Your instructions ▸
Excluding pictures, retype the line with "Bộ 4 bút chì" and each line that follows it to the end of the data below, word for word.

Material provided ▸
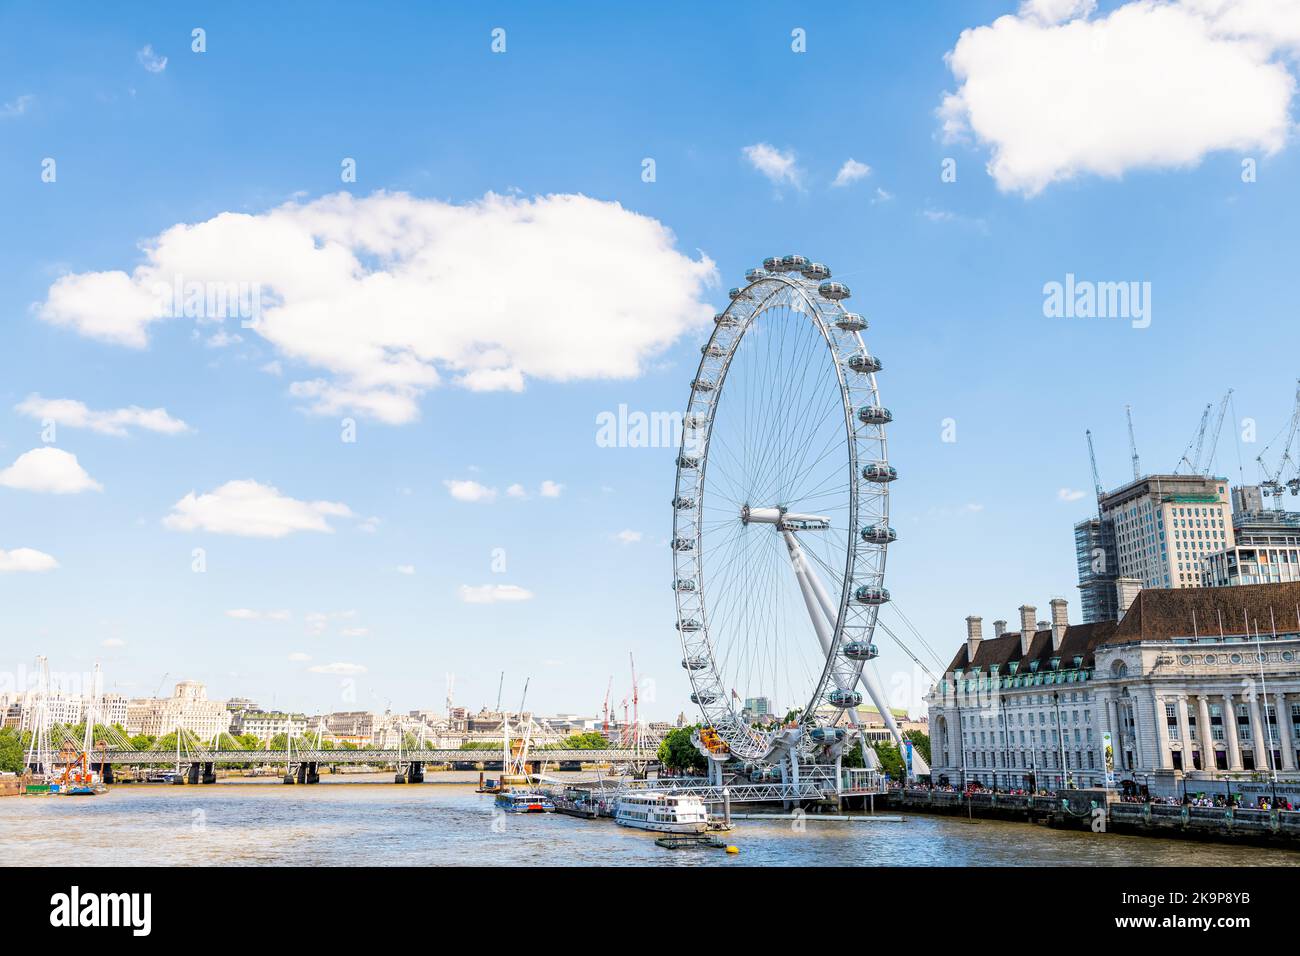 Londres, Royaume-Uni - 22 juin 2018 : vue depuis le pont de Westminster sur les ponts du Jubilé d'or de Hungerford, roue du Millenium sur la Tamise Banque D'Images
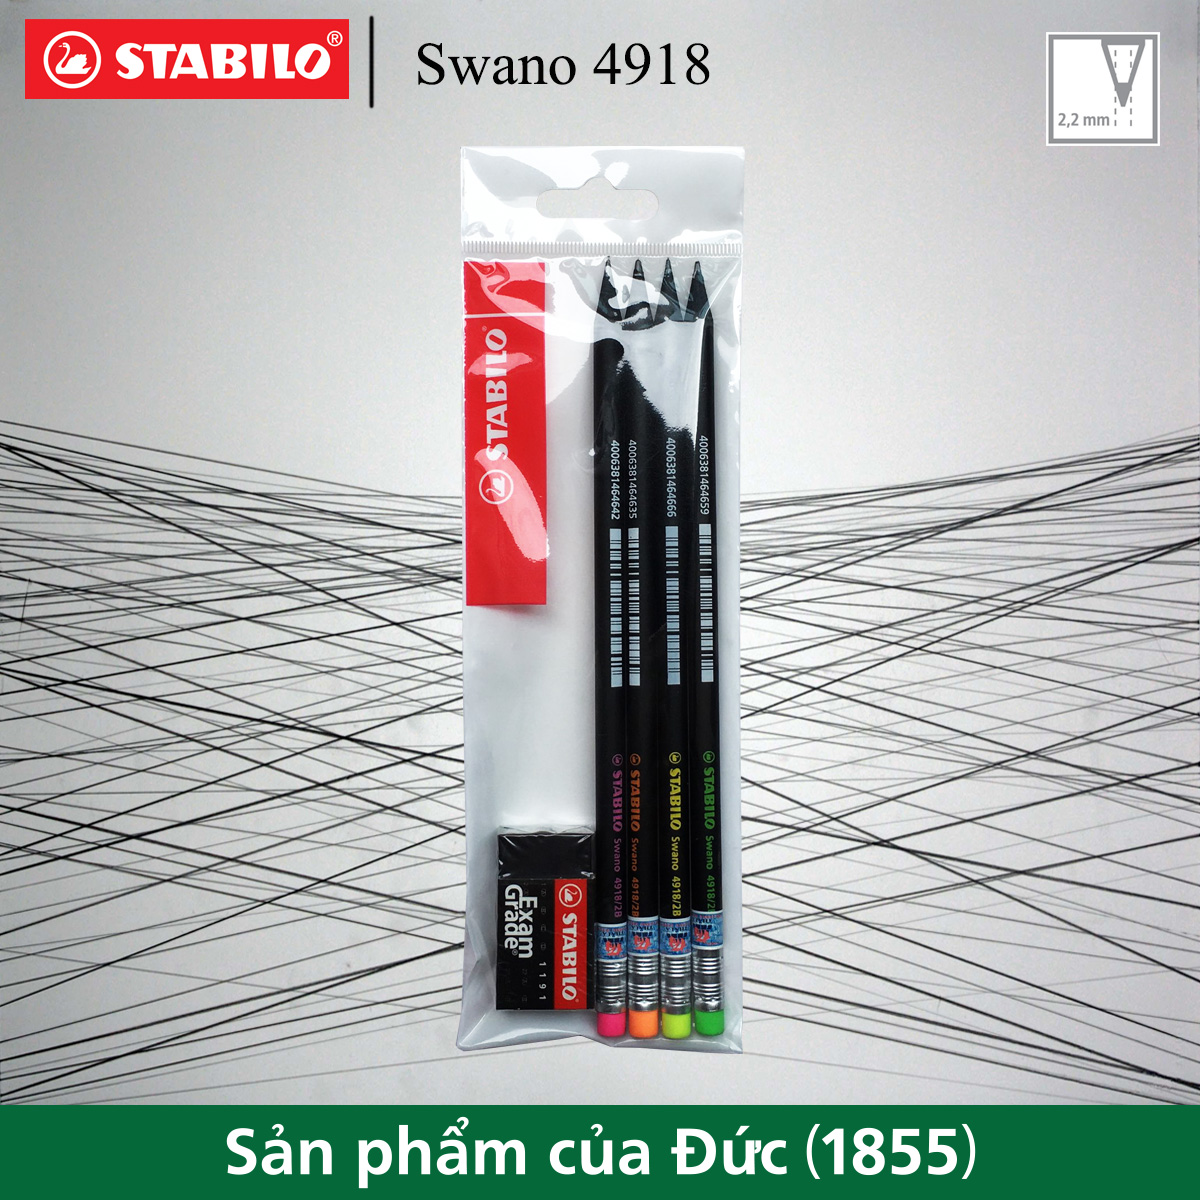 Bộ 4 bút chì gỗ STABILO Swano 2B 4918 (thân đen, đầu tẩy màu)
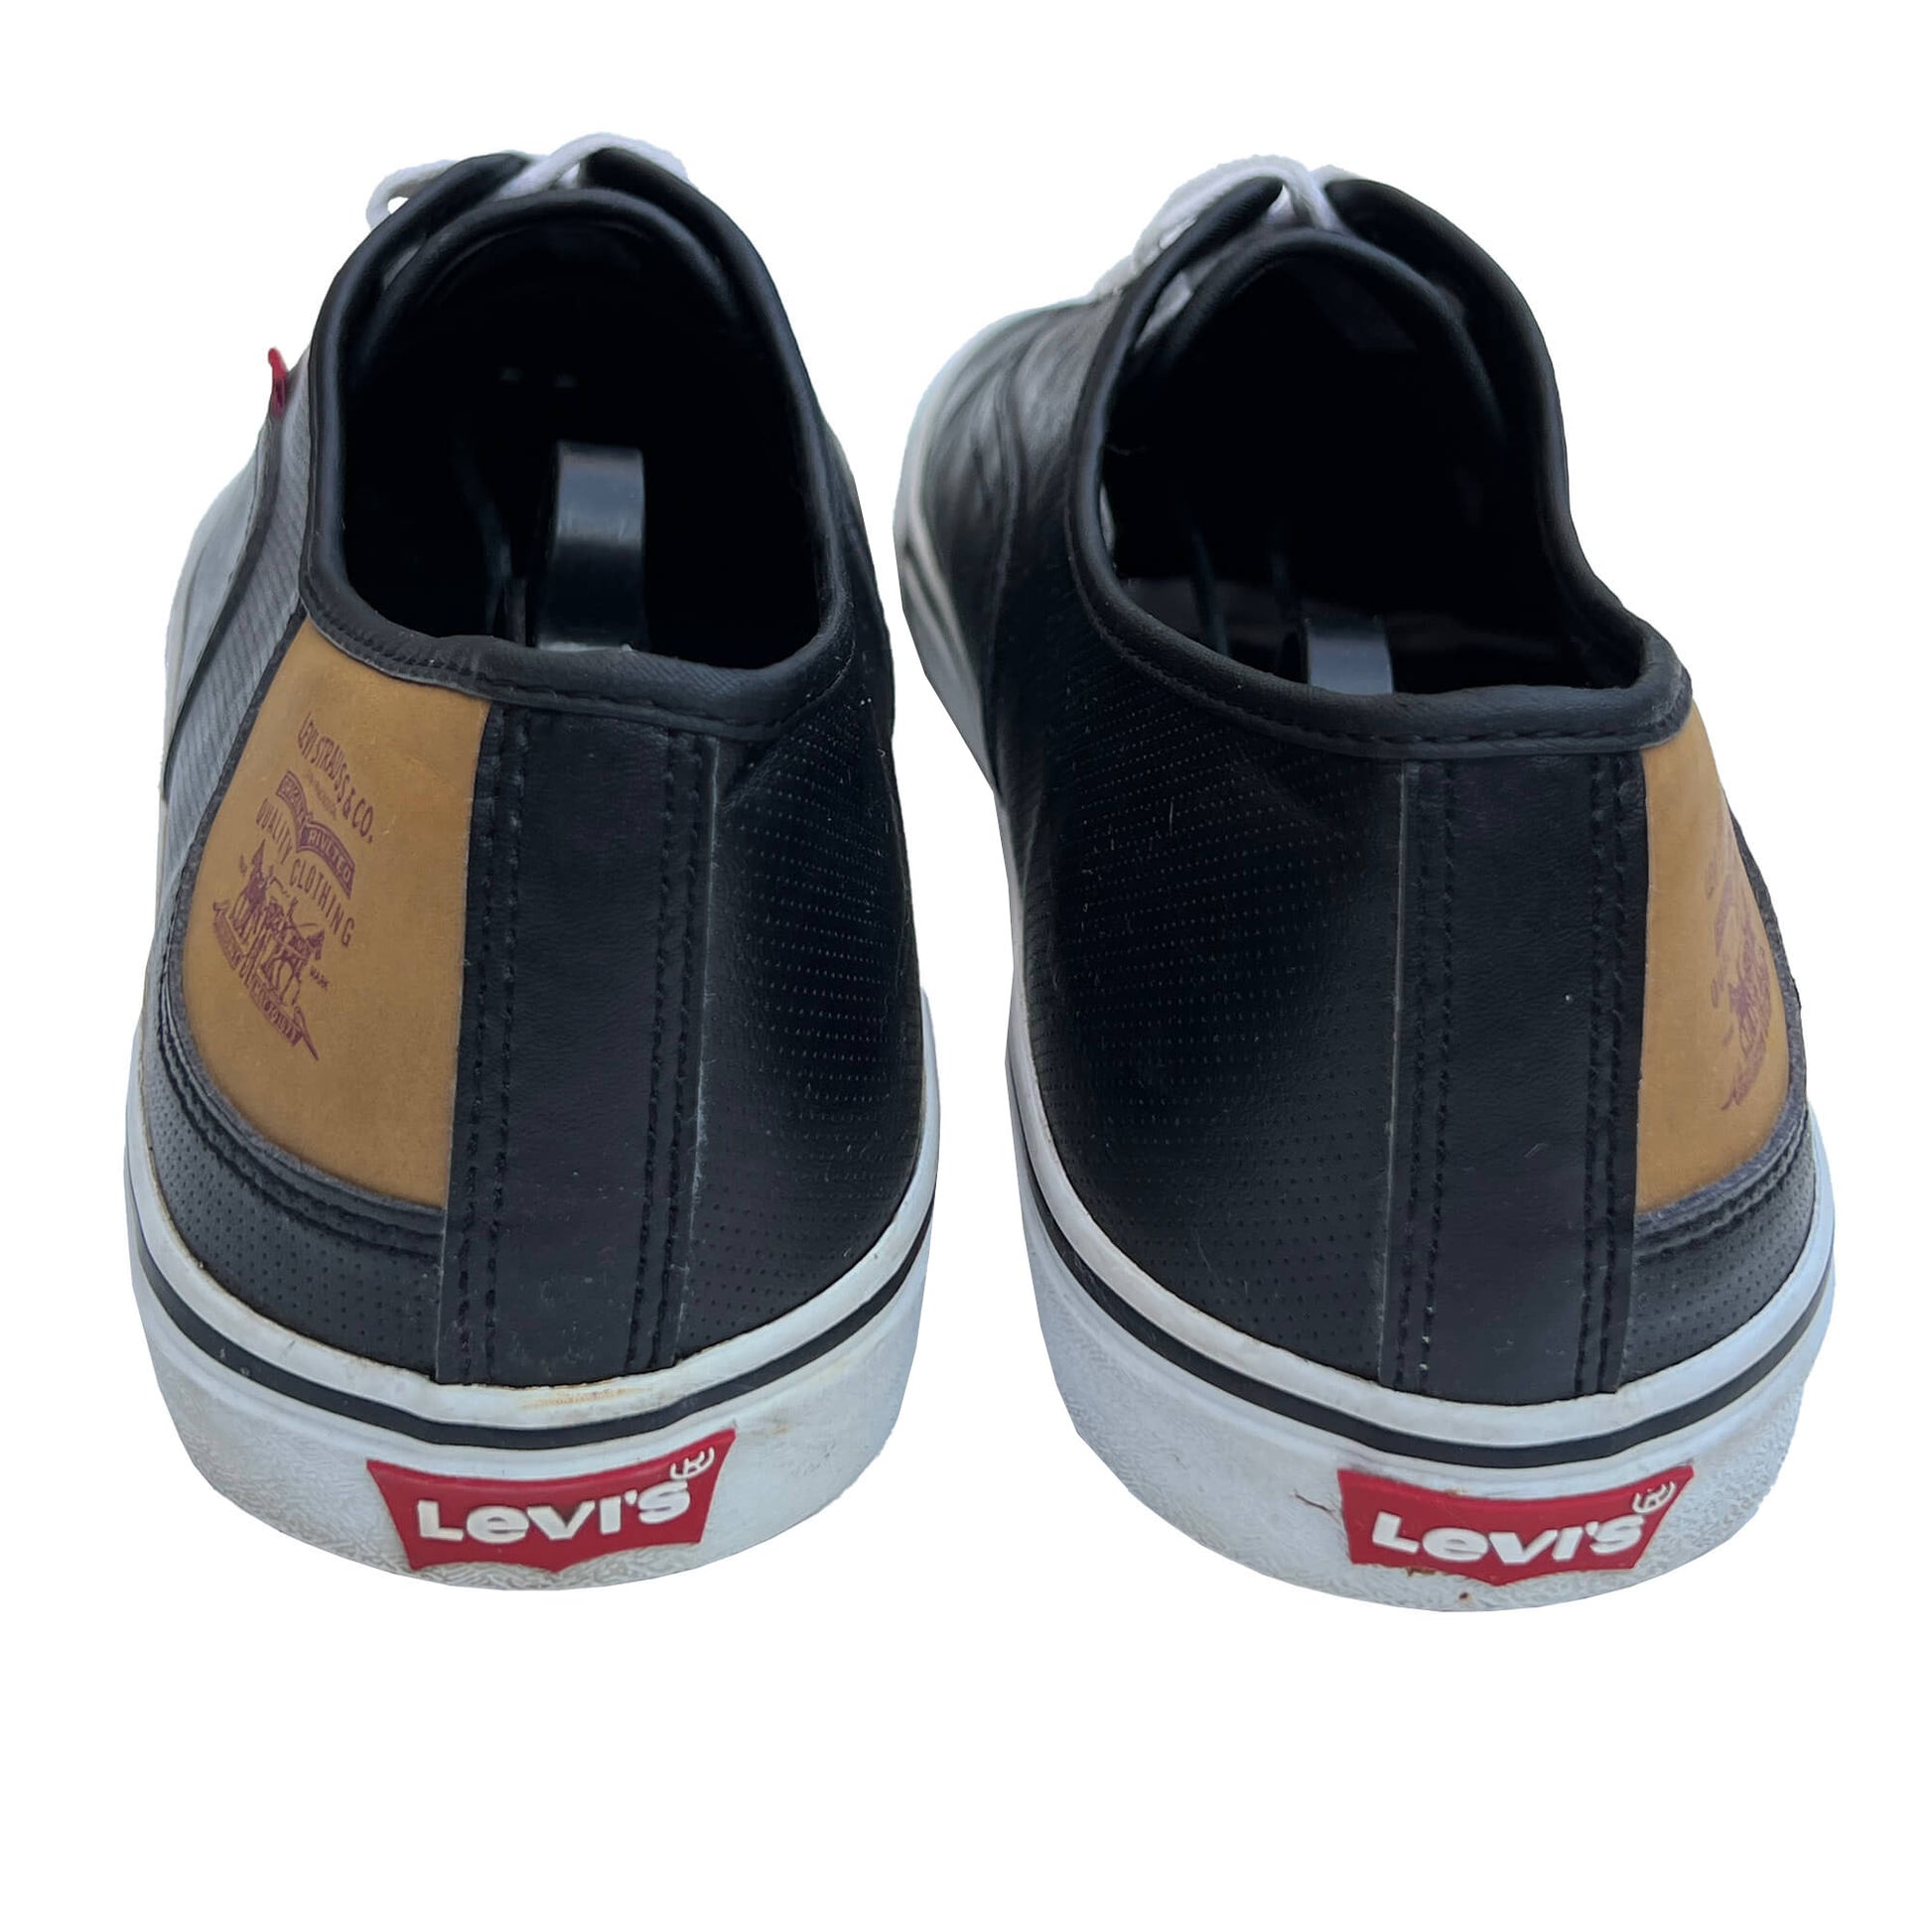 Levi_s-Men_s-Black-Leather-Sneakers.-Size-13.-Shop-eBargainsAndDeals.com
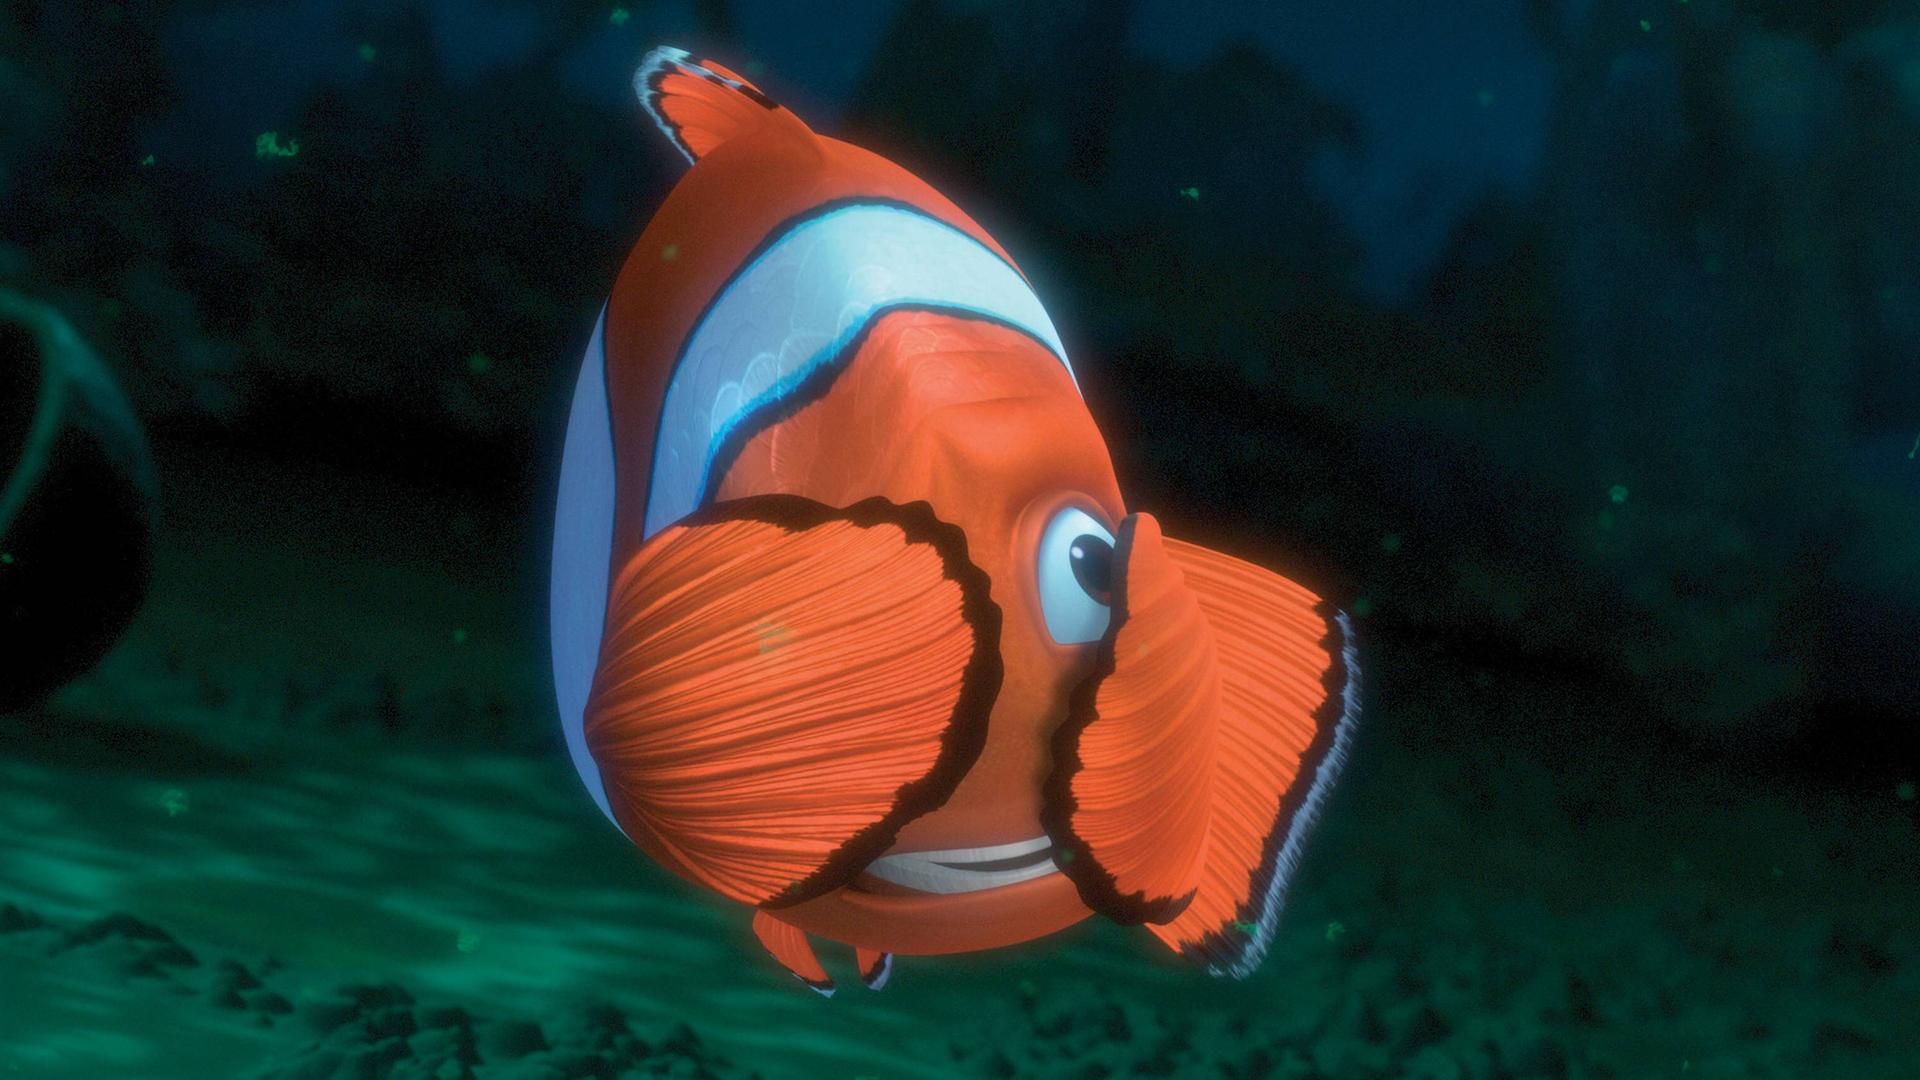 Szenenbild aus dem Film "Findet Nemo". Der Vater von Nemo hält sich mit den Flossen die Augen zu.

Result for this task ▸
 Bộ 4 bút chì gỗ STABILO Swano 2B 4918 (thân đen, đầu tẩy màu)
 Levi_s-Men_s-Black-Leather-Sneakers.-Size-13.-Shop-eBargainsAndDeals.com
 Szenenbild aus dem Film "Findet Nemo". Der Vater von Nemo hält sich mit den Flossen die Augen zu.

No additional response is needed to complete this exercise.